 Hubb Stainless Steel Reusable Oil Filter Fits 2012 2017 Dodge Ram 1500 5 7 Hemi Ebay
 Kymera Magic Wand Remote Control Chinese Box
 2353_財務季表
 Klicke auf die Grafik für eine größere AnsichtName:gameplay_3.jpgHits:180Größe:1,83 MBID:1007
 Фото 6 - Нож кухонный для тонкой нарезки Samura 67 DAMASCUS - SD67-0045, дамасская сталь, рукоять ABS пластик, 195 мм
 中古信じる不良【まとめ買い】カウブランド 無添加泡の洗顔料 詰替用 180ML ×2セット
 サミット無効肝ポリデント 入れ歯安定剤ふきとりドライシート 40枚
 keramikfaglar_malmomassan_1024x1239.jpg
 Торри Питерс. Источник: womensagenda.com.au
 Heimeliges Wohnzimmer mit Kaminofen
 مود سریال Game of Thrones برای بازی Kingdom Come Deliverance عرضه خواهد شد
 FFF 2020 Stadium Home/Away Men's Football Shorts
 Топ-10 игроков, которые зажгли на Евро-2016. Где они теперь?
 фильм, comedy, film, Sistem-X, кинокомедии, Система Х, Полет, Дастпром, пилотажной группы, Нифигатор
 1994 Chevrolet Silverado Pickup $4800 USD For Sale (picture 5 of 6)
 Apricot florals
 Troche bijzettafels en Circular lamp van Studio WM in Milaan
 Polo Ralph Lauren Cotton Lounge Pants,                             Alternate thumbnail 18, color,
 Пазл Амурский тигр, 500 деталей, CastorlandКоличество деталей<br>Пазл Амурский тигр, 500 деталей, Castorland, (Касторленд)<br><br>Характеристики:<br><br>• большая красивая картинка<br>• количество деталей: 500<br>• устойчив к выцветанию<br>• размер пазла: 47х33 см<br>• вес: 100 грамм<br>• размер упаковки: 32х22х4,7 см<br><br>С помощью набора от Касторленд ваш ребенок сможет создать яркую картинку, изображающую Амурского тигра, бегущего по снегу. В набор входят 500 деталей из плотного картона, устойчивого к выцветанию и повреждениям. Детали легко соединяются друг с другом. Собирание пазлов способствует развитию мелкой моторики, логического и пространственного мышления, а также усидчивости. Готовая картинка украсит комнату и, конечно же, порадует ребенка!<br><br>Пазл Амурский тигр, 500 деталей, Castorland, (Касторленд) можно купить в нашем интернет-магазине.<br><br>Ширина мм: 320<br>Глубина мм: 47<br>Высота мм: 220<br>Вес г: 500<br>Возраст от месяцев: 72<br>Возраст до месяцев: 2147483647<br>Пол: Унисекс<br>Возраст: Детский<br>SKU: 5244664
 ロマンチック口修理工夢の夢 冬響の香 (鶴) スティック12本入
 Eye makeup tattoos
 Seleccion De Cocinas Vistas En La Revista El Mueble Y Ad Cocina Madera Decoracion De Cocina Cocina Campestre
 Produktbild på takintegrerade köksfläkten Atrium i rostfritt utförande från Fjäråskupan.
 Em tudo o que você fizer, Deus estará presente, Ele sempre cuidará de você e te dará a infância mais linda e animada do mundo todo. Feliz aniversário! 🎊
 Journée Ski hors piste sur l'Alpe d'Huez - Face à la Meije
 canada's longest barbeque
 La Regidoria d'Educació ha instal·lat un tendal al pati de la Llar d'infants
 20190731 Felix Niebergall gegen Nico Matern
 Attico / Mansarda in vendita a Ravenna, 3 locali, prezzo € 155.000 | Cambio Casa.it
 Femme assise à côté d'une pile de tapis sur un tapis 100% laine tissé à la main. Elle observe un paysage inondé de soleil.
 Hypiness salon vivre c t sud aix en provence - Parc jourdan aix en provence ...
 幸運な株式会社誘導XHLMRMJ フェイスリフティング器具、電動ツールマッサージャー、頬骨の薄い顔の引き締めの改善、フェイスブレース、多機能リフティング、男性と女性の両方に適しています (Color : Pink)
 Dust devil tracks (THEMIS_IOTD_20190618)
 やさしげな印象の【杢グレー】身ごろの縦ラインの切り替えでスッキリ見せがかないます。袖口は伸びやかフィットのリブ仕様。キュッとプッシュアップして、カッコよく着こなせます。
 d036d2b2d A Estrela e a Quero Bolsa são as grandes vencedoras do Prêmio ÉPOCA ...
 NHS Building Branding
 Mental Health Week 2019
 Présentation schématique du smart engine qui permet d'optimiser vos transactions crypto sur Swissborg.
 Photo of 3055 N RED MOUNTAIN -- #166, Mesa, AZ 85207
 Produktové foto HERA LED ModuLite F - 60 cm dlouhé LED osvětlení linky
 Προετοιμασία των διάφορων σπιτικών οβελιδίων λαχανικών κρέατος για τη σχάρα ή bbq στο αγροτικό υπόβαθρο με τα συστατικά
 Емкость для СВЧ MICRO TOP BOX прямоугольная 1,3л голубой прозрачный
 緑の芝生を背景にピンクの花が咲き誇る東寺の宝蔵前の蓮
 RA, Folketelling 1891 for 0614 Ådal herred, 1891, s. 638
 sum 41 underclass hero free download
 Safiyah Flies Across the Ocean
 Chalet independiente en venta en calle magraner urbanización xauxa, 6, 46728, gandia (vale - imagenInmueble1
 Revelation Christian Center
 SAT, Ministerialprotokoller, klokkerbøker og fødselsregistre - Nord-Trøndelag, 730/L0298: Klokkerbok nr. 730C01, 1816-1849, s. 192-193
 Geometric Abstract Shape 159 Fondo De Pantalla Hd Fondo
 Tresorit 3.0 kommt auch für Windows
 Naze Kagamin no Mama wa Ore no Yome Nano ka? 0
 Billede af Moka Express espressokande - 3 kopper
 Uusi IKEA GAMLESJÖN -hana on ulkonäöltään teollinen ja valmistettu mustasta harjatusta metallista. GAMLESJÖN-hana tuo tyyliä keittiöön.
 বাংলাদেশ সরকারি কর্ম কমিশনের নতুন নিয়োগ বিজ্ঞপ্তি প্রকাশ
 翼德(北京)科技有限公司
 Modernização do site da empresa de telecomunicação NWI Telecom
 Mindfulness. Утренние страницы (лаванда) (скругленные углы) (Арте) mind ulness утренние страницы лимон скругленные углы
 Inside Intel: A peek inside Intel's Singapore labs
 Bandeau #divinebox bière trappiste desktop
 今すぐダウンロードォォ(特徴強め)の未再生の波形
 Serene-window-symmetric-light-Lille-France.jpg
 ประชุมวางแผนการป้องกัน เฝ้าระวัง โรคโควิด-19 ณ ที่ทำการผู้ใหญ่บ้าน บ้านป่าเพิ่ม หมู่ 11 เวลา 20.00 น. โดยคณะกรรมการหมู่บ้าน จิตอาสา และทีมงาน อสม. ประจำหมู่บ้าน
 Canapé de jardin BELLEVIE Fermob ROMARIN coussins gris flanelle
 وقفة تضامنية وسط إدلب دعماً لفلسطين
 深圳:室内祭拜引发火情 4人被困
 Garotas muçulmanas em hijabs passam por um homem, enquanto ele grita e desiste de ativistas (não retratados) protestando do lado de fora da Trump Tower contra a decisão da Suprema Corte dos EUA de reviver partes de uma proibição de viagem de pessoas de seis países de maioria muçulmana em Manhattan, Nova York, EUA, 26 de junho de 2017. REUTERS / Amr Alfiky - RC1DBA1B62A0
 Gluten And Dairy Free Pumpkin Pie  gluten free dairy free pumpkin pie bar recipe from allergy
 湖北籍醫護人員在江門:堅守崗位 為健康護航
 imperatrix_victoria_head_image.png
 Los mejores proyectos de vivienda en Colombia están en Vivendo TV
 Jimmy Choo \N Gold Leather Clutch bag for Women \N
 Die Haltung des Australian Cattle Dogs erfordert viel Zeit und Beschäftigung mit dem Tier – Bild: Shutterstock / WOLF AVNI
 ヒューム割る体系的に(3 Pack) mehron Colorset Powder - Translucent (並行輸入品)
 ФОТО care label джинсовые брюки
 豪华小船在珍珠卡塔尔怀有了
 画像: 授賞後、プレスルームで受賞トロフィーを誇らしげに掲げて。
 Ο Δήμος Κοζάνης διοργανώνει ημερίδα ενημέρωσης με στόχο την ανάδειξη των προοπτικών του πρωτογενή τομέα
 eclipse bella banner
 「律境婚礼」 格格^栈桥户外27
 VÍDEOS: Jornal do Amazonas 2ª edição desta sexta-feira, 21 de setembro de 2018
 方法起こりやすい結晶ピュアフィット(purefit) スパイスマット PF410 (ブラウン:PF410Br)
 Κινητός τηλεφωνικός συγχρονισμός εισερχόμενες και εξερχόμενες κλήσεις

■ ■ ■

WORK TO BE COMPLETED:
Show every line of the entries above where the word "free" occurs.

TASK ANSWER:
 sum 41 underclass hero free download
 Gluten And Dairy Free Pumpkin Pie  gluten free dairy free pumpkin pie bar recipe from allergy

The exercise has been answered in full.